アレッタはひとり顔も耳も赤く染めながら、寝返りを打った。
そのとき見えたものにアレッタは叫びたくなるが、無理やり口を押さえてなんとか踏みとどまる。
……エ…イビス…!!!!
……エイビスがいる!!!!!!
仮面に白手袋をつけたまま眠っているエイビスが真横にいる……!!!!!
勘違いでなければ、ここはエイビスの部屋なのだろう。
彼はそのまま自分のベッドにアレッタを寝かせ、また彼もここで眠ったのだ。
とはいえ、中身は立派な女なので、少しは遠慮をしてほしいっっっ!!!!!!
アレッタはエイビスを起こさないように慎重に体を丸めるが、改めて、これほどじっくり仮面を見るのは初めてだと気づいた。
彼の頭全体を覆っている仮面は鏡面。顔全体に部屋が写り、自分の顔も楕円に見える。
仮面に指をつけて滑らせてみた。
冷たい仮面は指先の熱で一瞬曇ったが、すぐにそれは消え、鏡面の仮面は艶やかなままだ。
仮面は微動だにせず、枕の上に置かれているようにも見える。
エイビスのこの格好に、アレッタは思ったことを呟いた。
「……キモ」
「キモいとはなんだい、アレッタ」
唐突に手が握られ、仮面がいきなり喋りだした。
「ぎゃぁあああっ!!!!」
アレッタは顔を青ざめ叫ぶが、彼はそれに構うことなく喋り続ける。
「仮面をつけているから、寝ているか起きているかは誰も判断ができない。
そう! 僕しか、判断は、できないんだよっ!」
起き上がり、自信ありげに言うエイビスだが、彼の上半身は裸だ。
ちらりと下を見ると、簡易なズボンを履いているようでよかったが、半裸に仮面に白手袋という、もうキモいを通り越して、変質者である。
「きゃぁぁぁぁぁ!!!!」
顔を真っ赤に染めながら再び叫ぶが、エイビスはお構いなしである。
「アレッタ、体調が良いようでよかったよ。

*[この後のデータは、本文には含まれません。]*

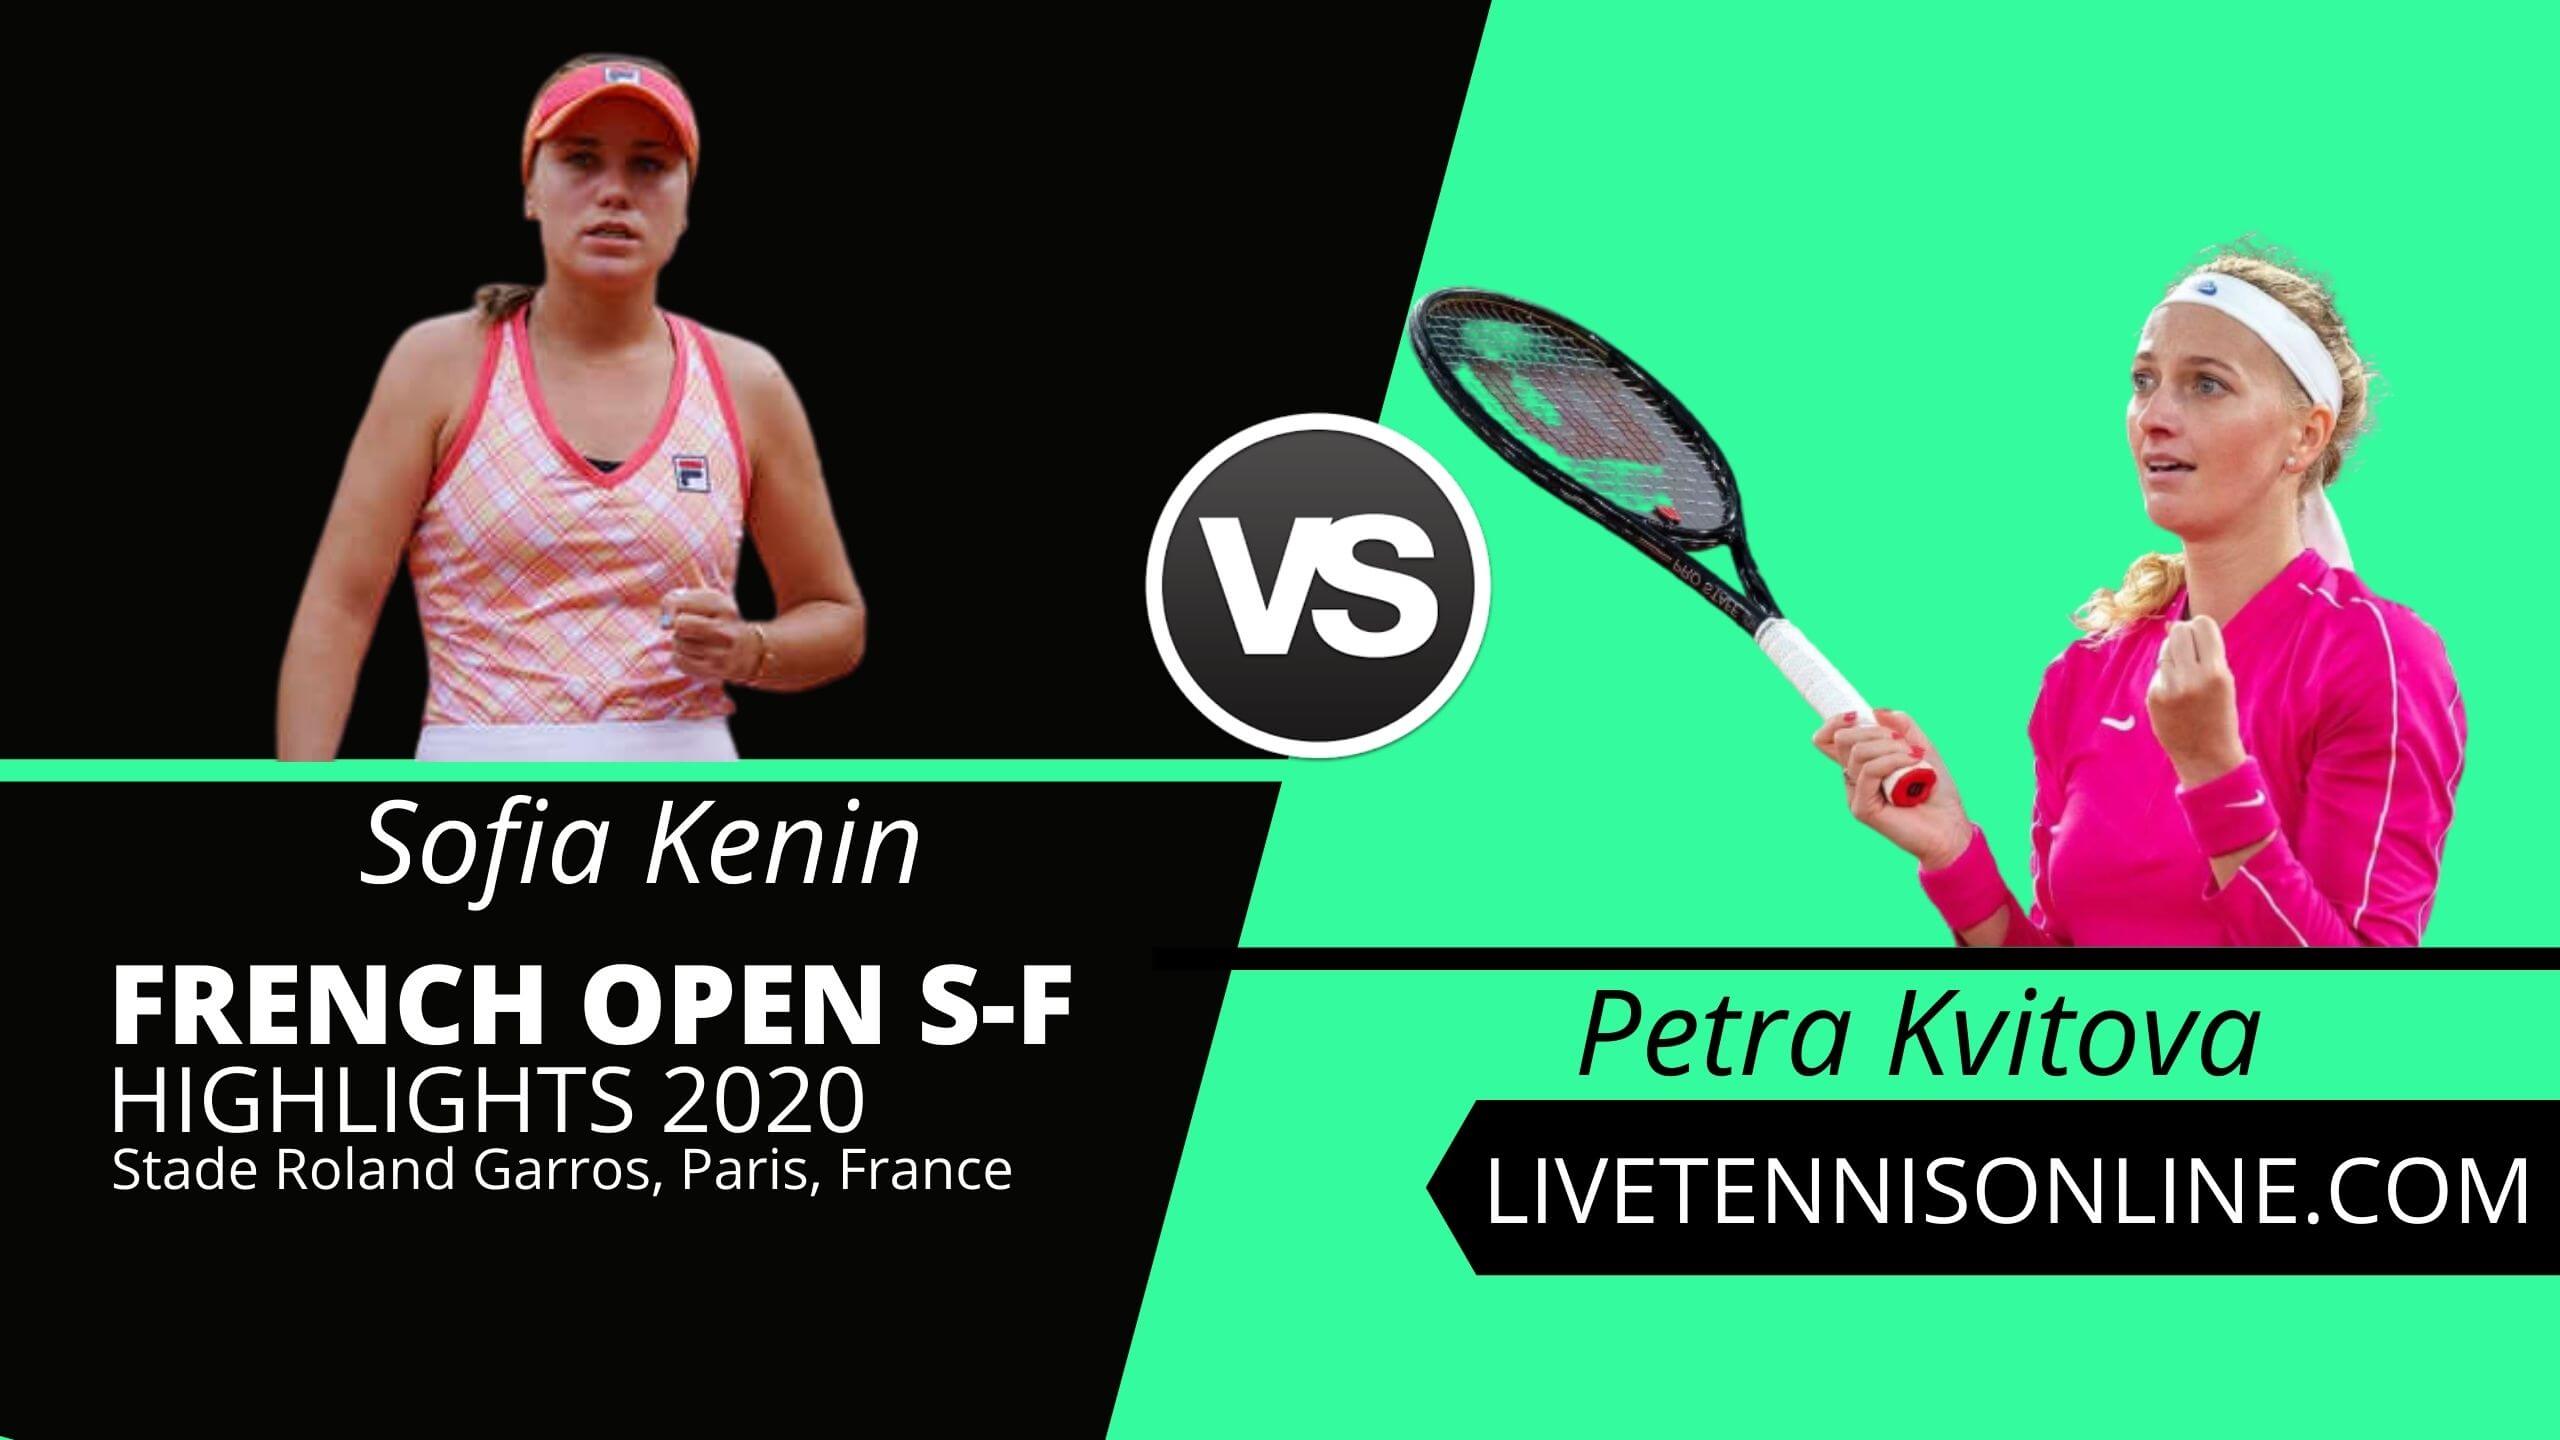 Sofia Kenin vs Petra Kvitova Semi Fina Highlights 2020

昨日あのまま泣き疲れて眠ってしまったんだ。
一応、ワンピースは脱がしたが、それ以上は脱がしていないので、安心したまえ」
アレッタは自身の格好を改めて見直し、慌てて短い腕で隠そうとするが、体はいかんせん幼女だ。
凸凹のない平らな胸にはふりふりのキャミソールが、さらに膝丈のふりふりもこもこのドロワーズを履いている。
手で隠したところで大差ない。
だがアレッタにだって羞恥心はある。
枕を抱え、体を隠すような仕草をするが、半裸のエイビスは大きく肩をすくめた。
「だから僕に幼女趣味はないってば……
君の部屋まで届けるのが面倒だったのは謝るけど、別にやましいことは何もしていない」
半裸の仮面男が何を言っているんだろう……
アレッタは彼に見せつけるように大きくため息をついた。
このやり取りでエンも起き、すぐにアレッタの肩に飛び乗ると、頬を摺り寄せ、ィエンと鳴いた。
「ああ、エン、おはよう。
……あ、もうすぐ朝日が昇るなぁ」
アレッタが肩に乗る毛玉を撫でながら言うと、エイビスがなにか思いついた仮面の動きを見せた。
彼の動きは早く、アレッタを抱え上げたと思うと、肩車をしだす。
「ちょ、ちょっとエイビスっ!」
慌ててアレッタは仮面に手を置いた。
あまりに強く掴んだので首が90℃傾くエイビスだが、彼は構うことなく歩き始める。
「アレッタ、朝日を見に行こう」
そう言って、彼はテラスへ続く窓を開いたのだった。